▸ THE TASK
Print every line of the listing below, starting with the line that holds "Le retour de" and going on through the line that holds "Salt Island. Lisa Towles", both included, and print nothing else.

▸ DATASET RECORDS
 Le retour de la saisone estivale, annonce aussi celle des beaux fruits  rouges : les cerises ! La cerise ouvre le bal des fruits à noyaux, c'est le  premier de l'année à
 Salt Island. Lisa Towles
---
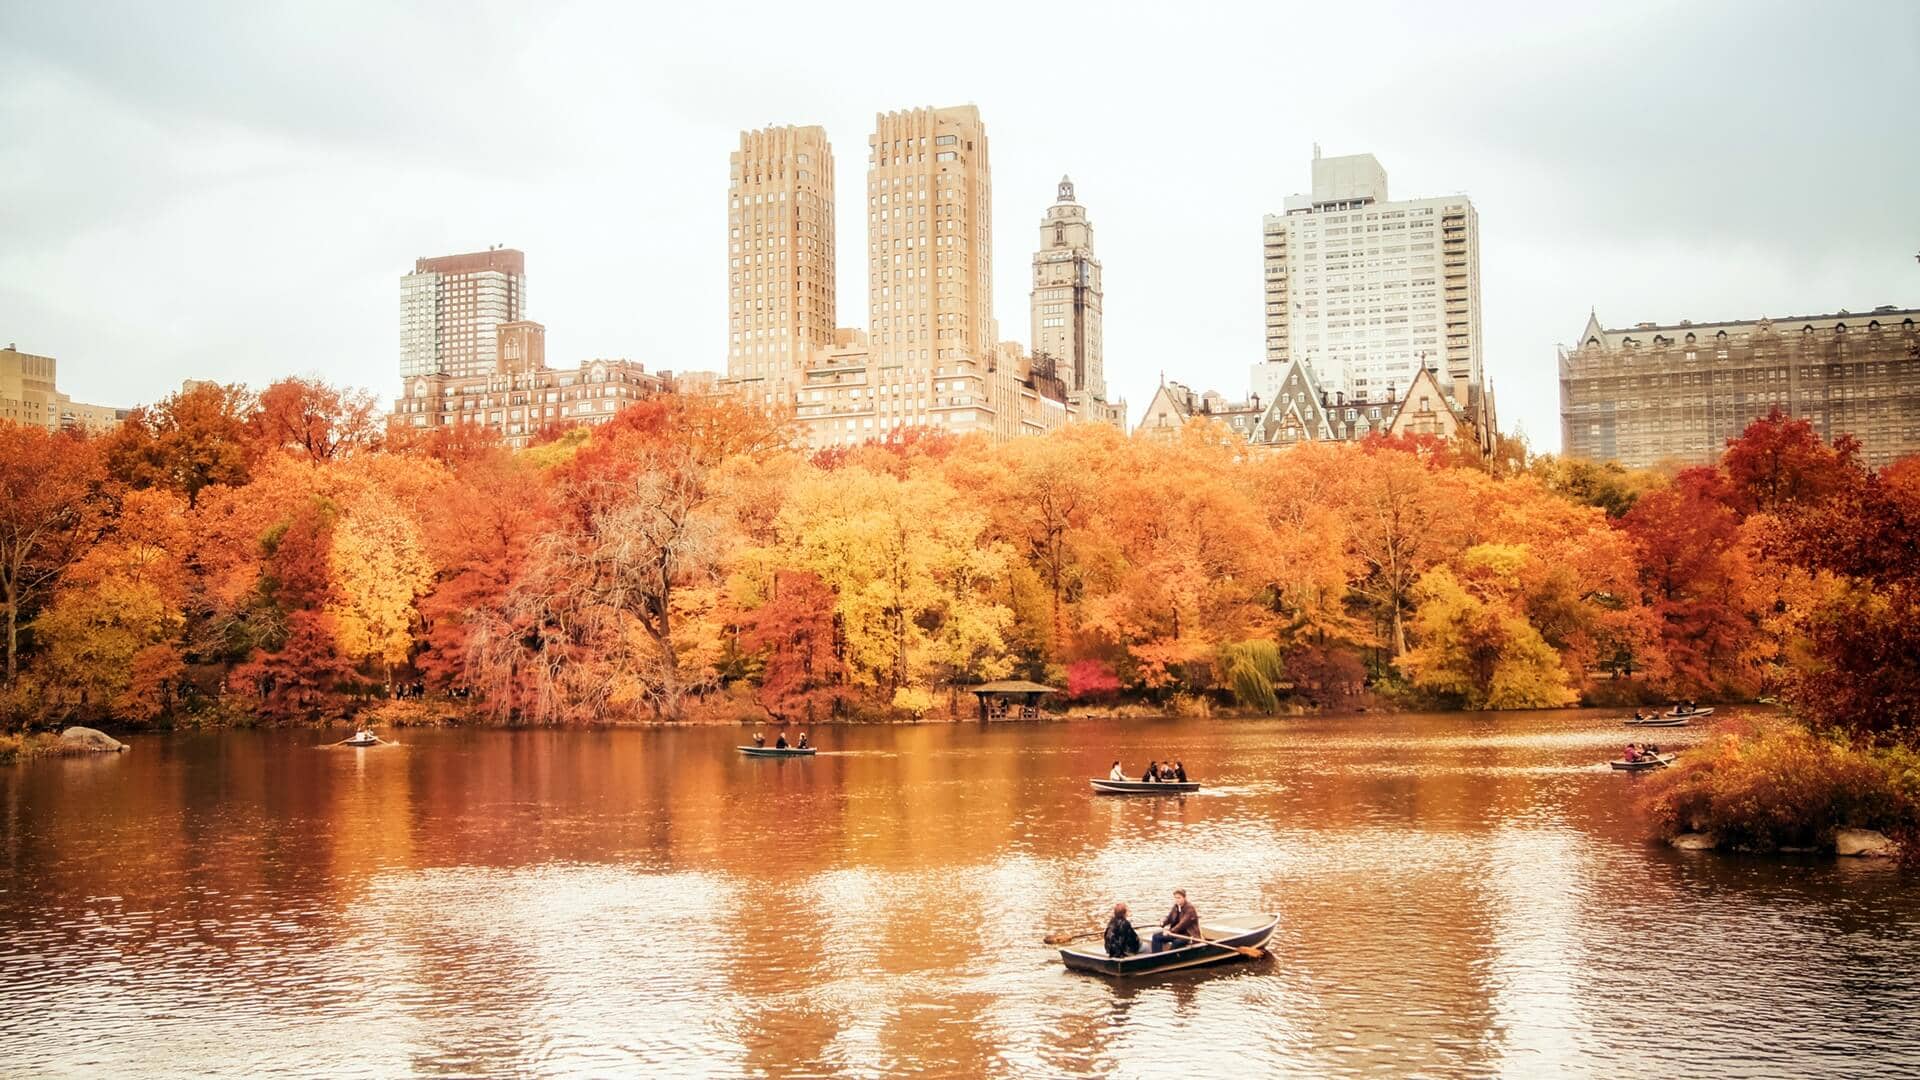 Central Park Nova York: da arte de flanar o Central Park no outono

▸ ANSWER TO THE PROBLEM
 Le retour de la saisone estivale, annonce aussi celle des beaux fruits  rouges : les cerises ! La cerise ouvre le bal des fruits à noyaux, c'est le  premier de l'année à
 Salt Island. Lisa Towles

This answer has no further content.